### [TASK DIRECTIONS]
Repeat verbatim what the listing holds, but not its pictures.

### [AVAILABLE DATA]
---

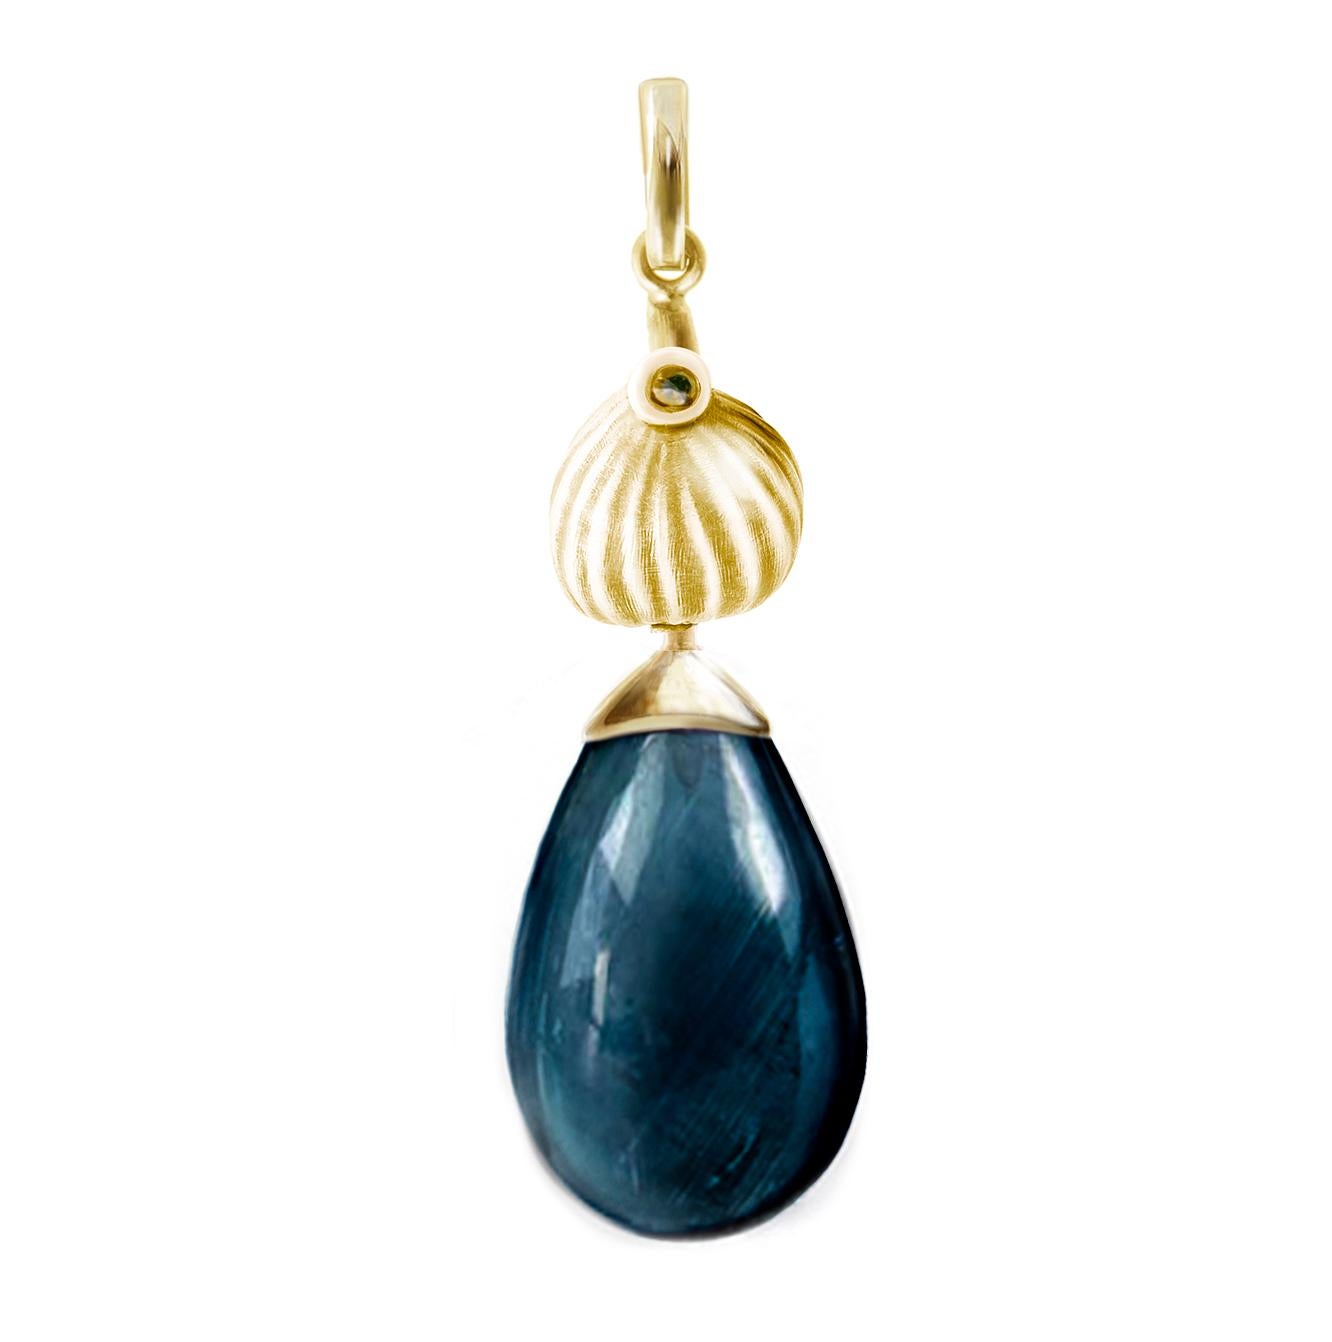 This contemporary drop pendant necklace is made of 18 karat yellow gold and features a natural vivid Indicolite tourmaline (9.42 carats, 17.5x10.5x6 mm) and a round black diamond. The Fig collection was reviewed in Vogue UA.

The idea for the
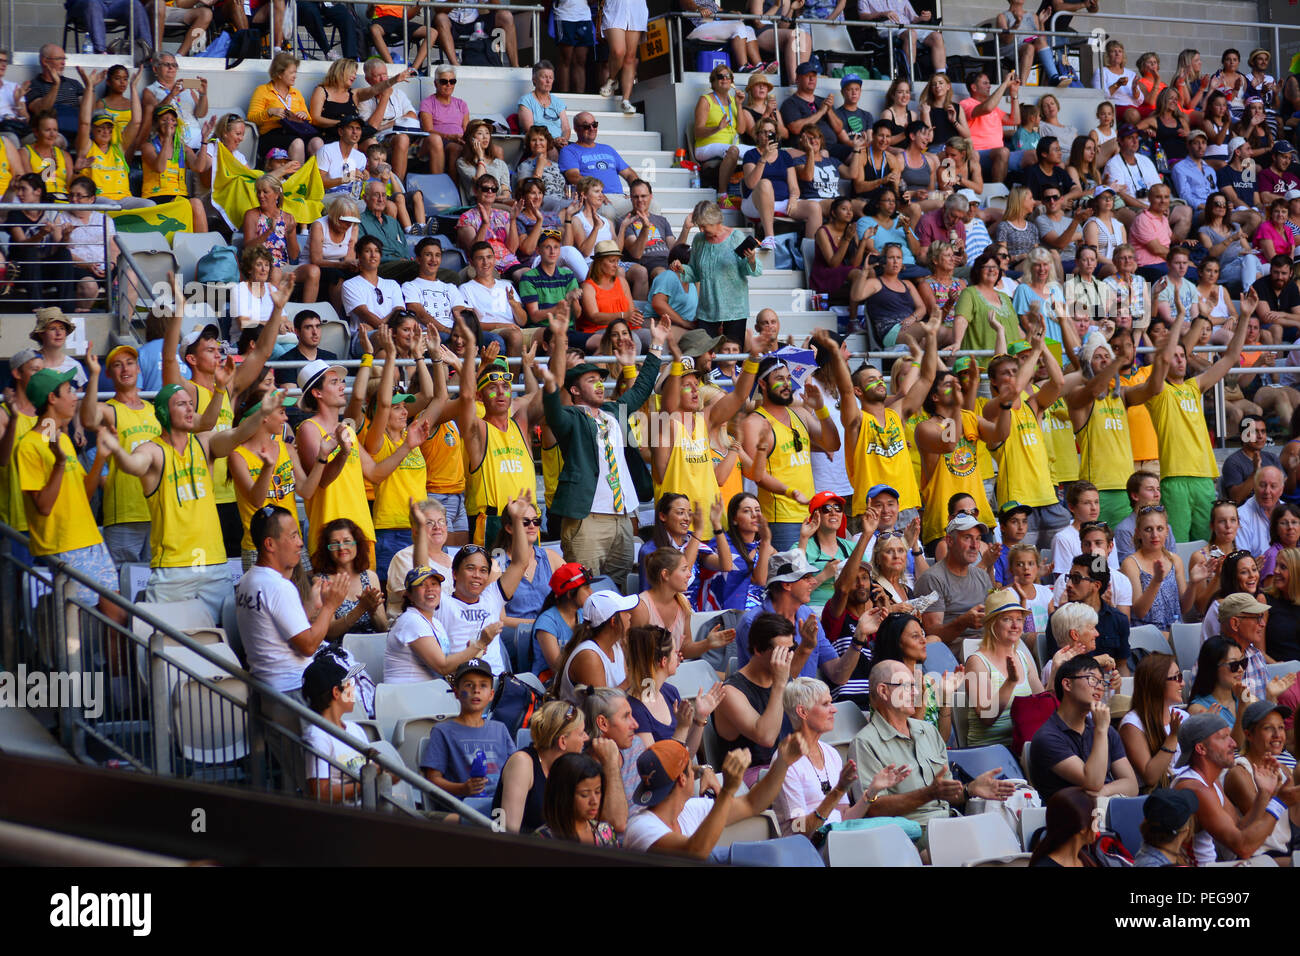 People cheer for the tennis players in Australian Open, Melbourne Stock Photo

---

### [SOLUTION FOR THIS PROBLEM]
 This contemporary drop pendant necklace is made of 18 karat yellow gold and features a natural vivid Indicolite tourmaline (9.42 carats, 17.5x10.5x6 mm) and a round black diamond. The Fig collection was reviewed in Vogue UA.

The idea for the
 People cheer for the tennis players in Australian Open, Melbourne Stock Photo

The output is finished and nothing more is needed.